#### [Excerpted data]
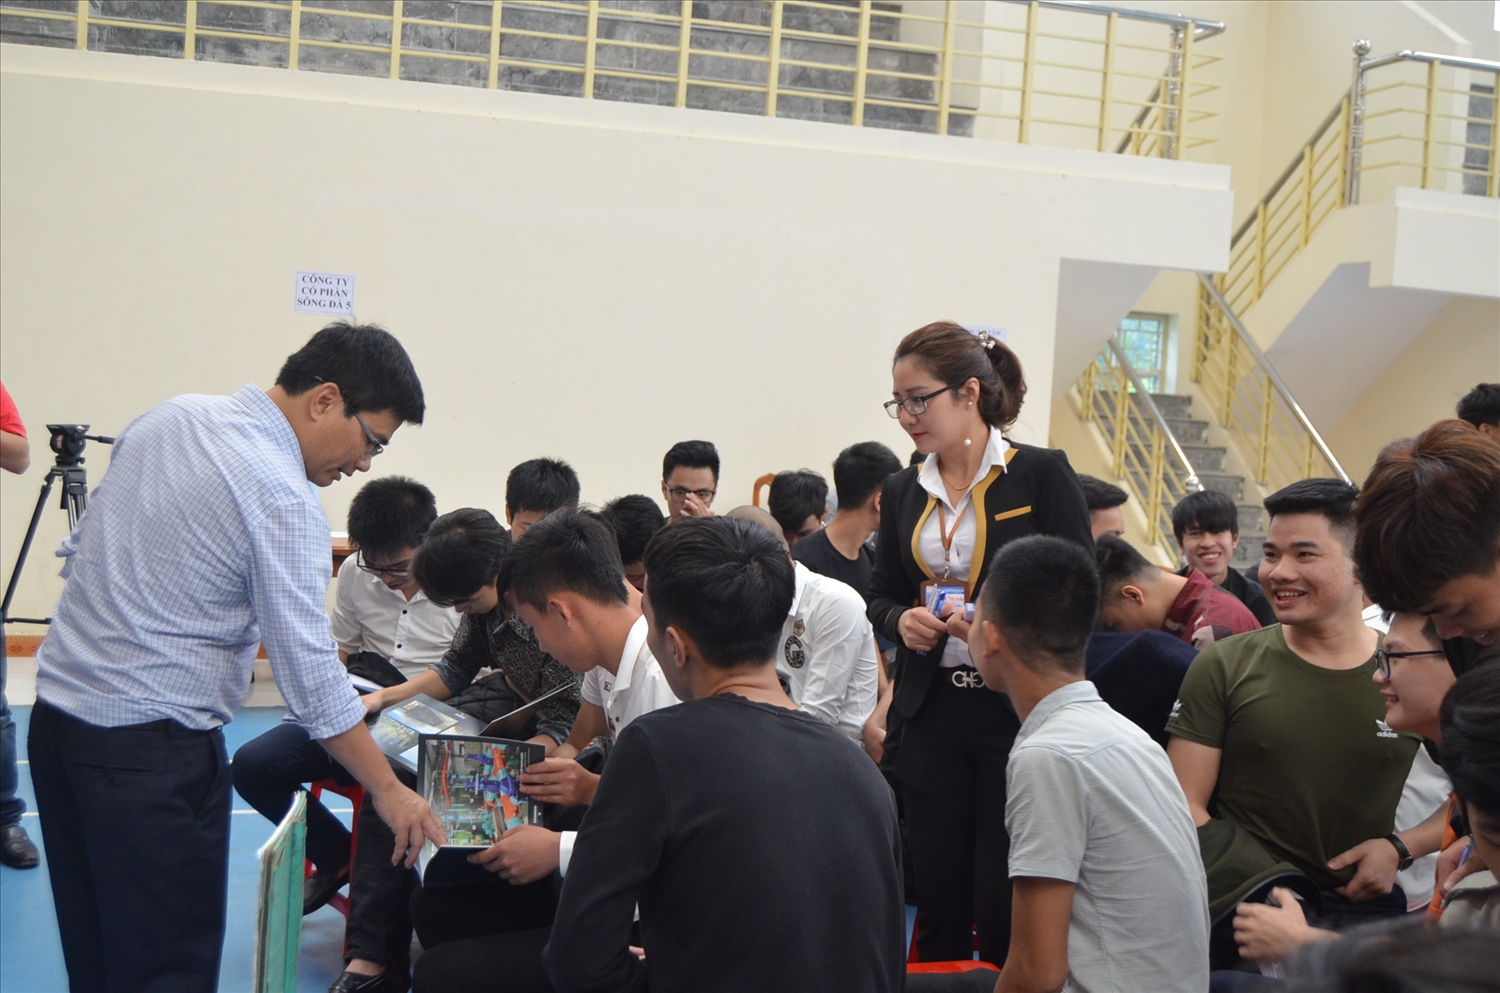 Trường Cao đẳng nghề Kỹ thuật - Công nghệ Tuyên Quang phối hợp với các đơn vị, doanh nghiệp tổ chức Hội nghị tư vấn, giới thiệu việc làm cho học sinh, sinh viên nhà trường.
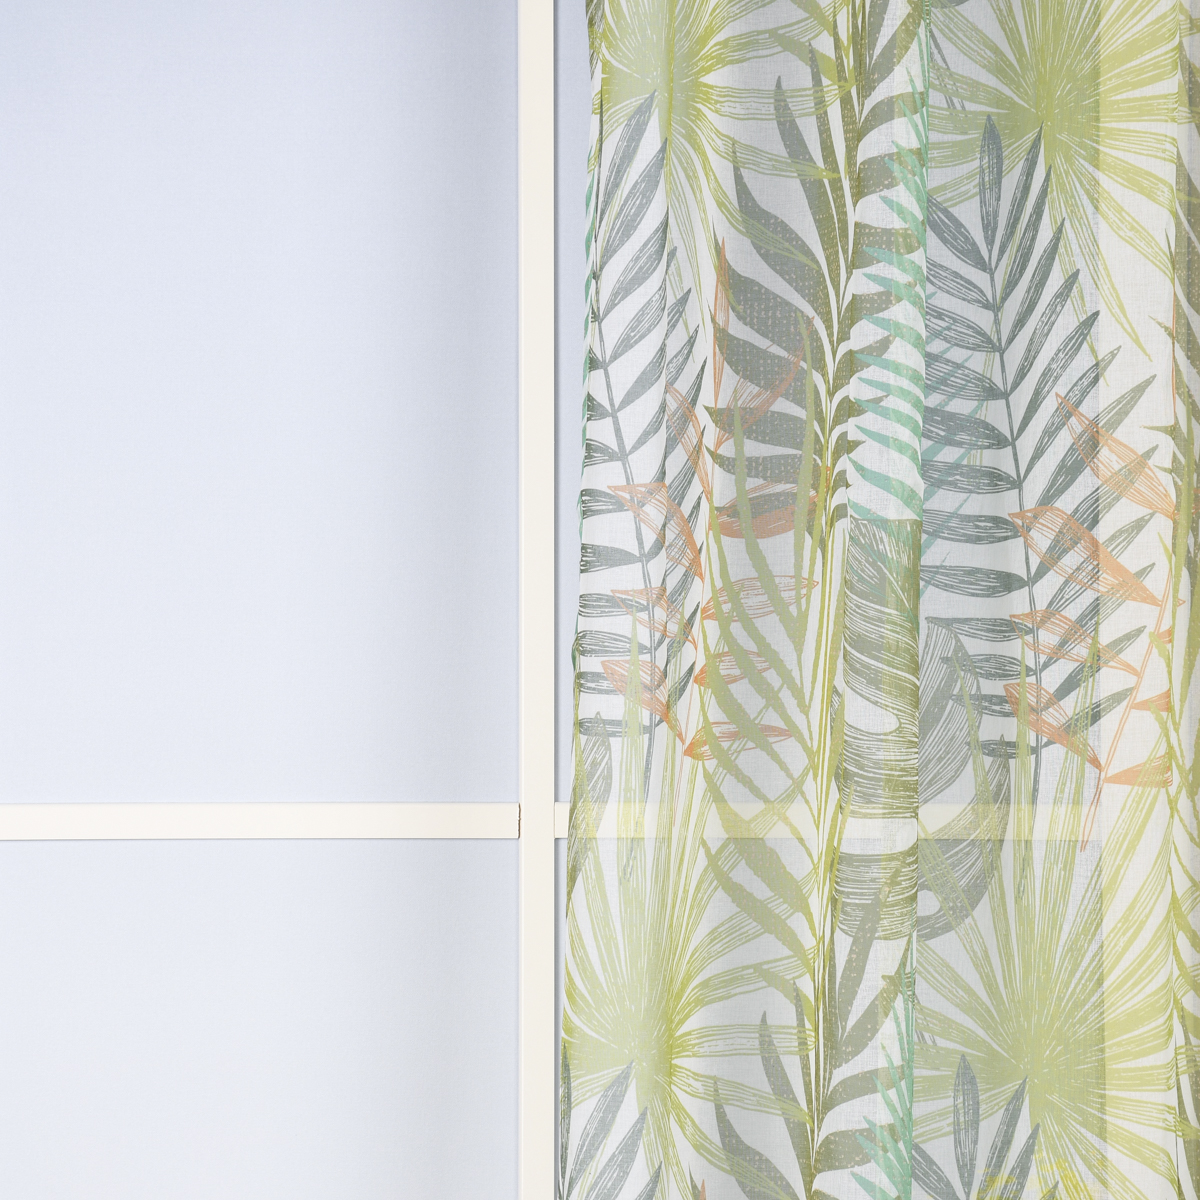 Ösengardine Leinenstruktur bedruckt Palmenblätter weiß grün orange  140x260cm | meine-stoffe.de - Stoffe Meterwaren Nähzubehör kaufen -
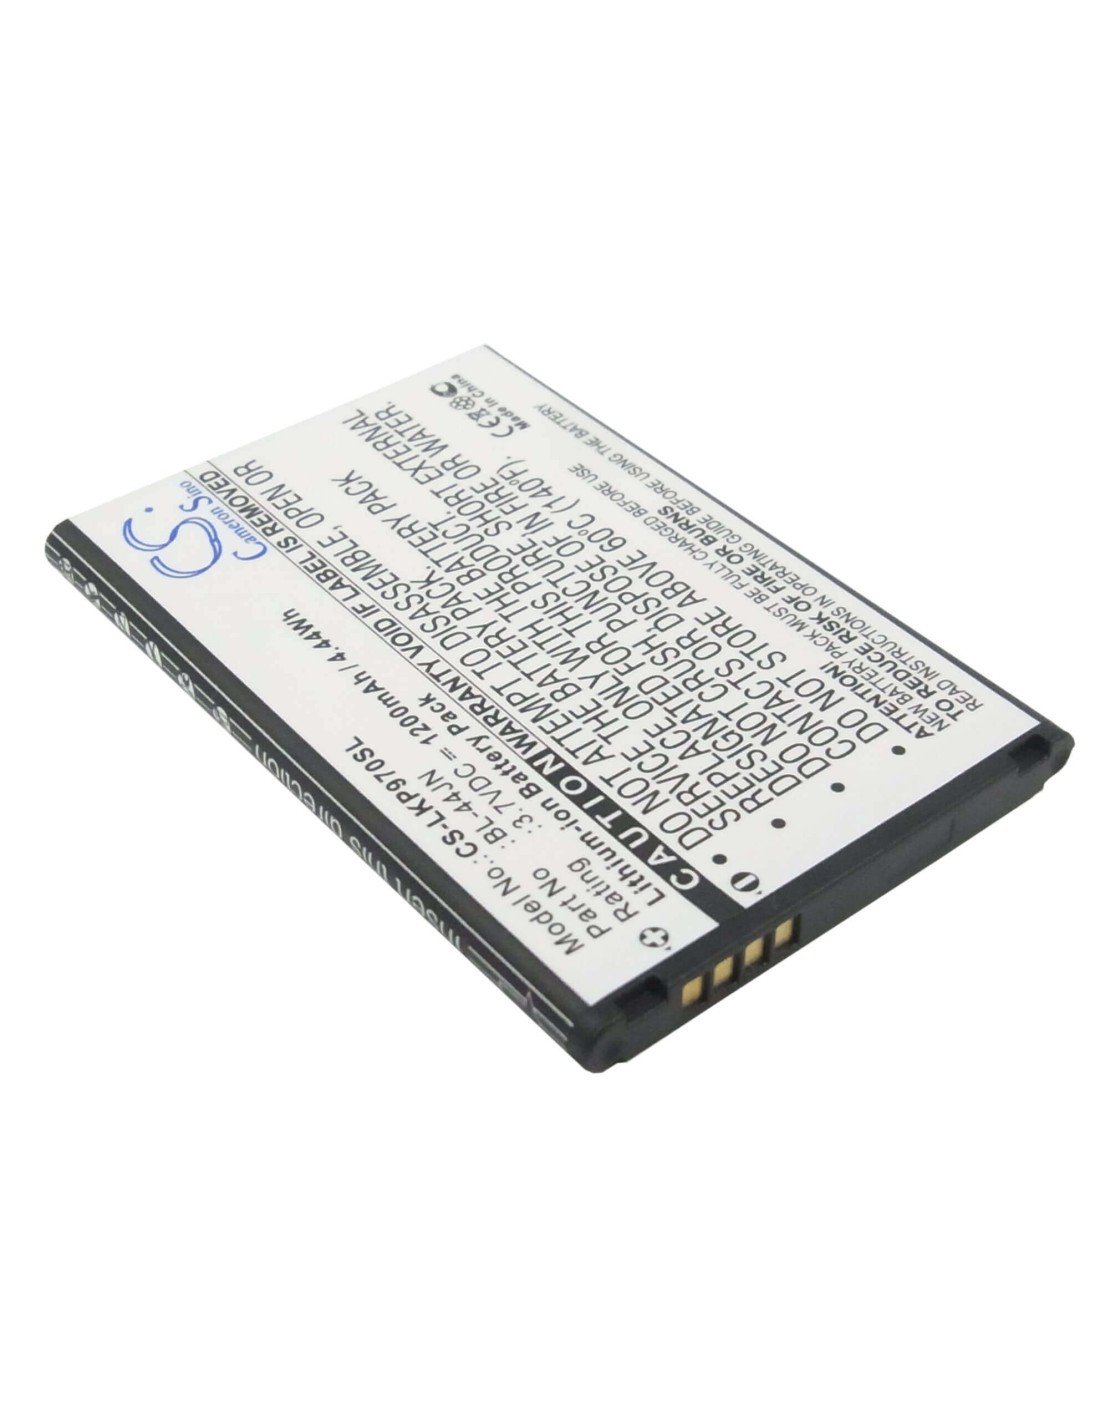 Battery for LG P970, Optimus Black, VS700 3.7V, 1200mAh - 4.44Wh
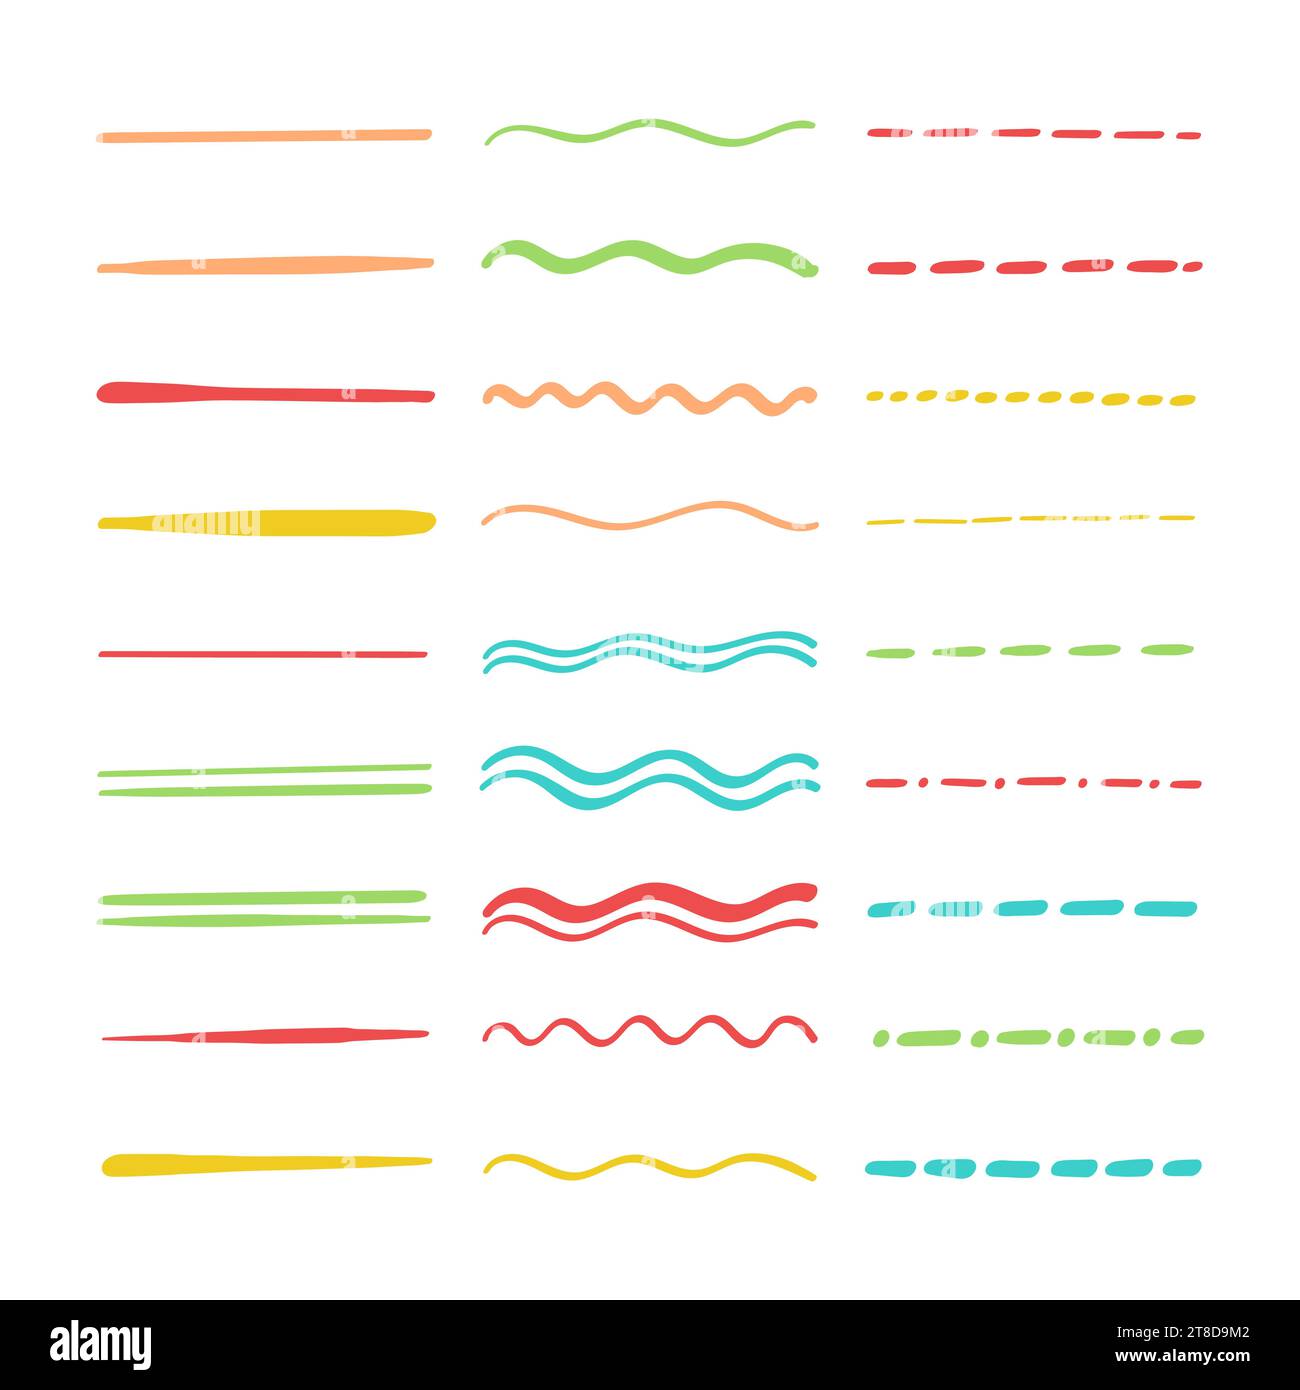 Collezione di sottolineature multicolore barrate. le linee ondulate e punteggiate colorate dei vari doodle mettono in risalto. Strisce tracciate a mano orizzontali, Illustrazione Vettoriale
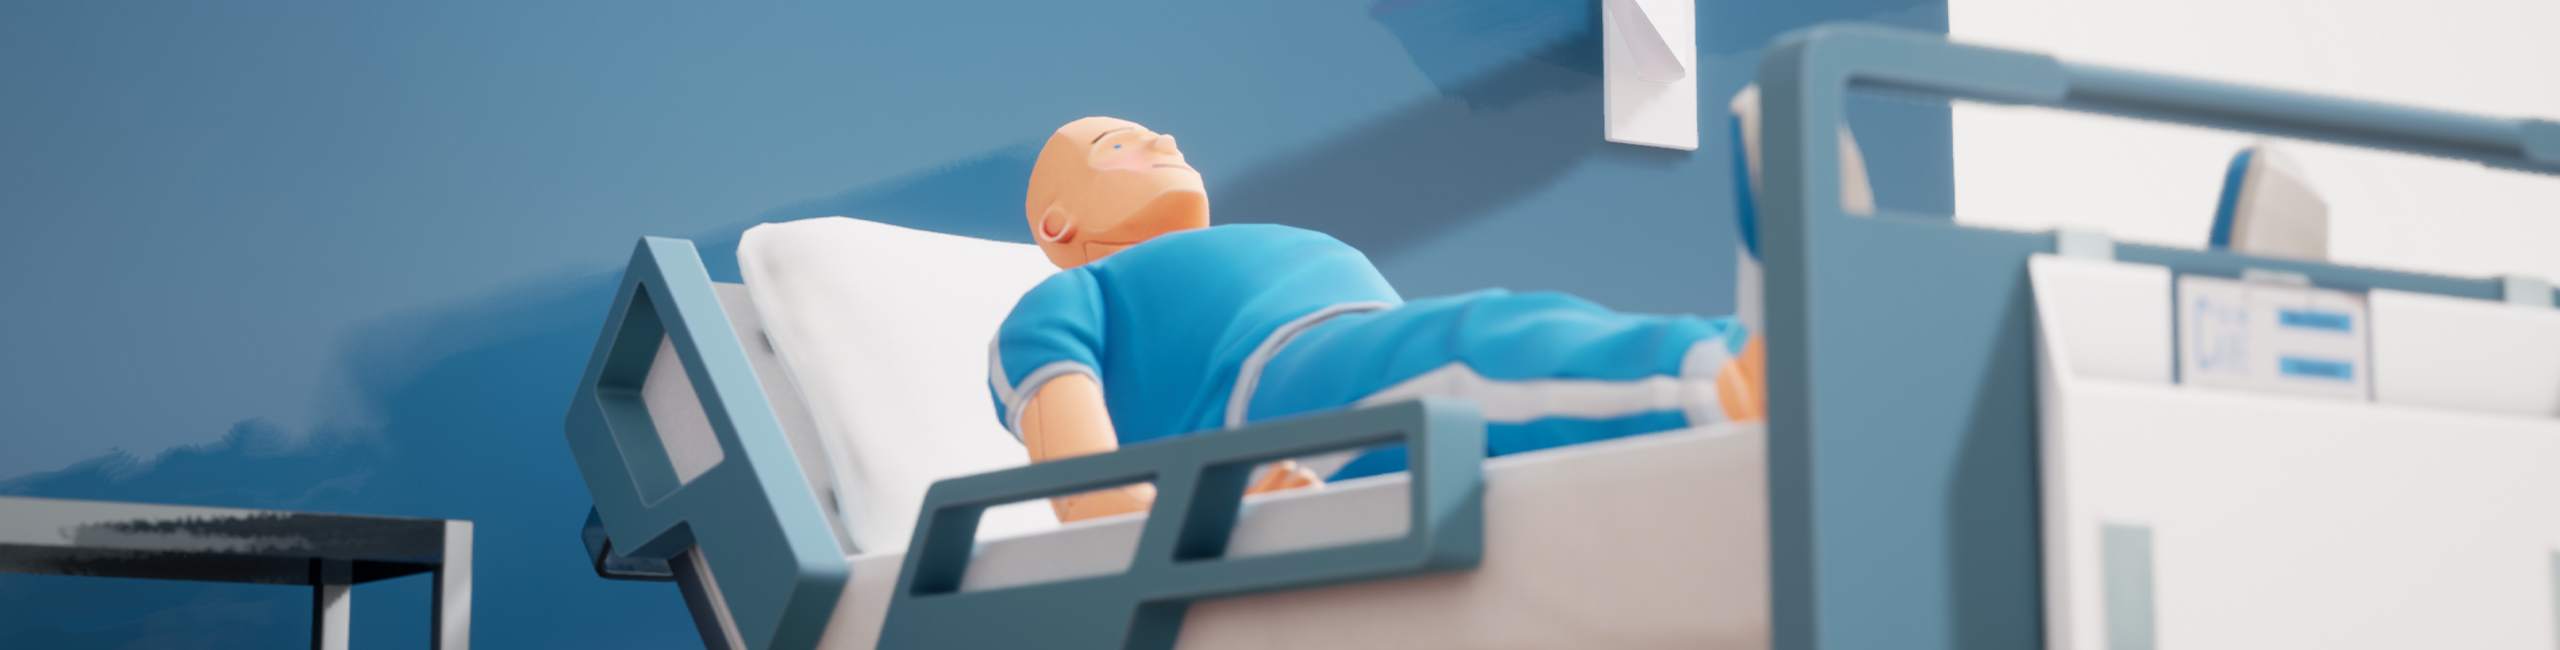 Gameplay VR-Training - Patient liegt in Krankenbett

#### [Required work]
Only an exact copy of the lines from the top of the entries through the line with "Battery for LG", both included, should be given, with all pictures omitted.

#### [Exercise output]
 Trường Cao đẳng nghề Kỹ thuật - Công nghệ Tuyên Quang phối hợp với các đơn vị, doanh nghiệp tổ chức Hội nghị tư vấn, giới thiệu việc làm cho học sinh, sinh viên nhà trường.
 Ösengardine Leinenstruktur bedruckt Palmenblätter weiß grün orange  140x260cm | meine-stoffe.de - Stoffe Meterwaren Nähzubehör kaufen -
 Battery for LG P970, Optimus Black, VS700 3.7V, 1200mAh - 4.44Wh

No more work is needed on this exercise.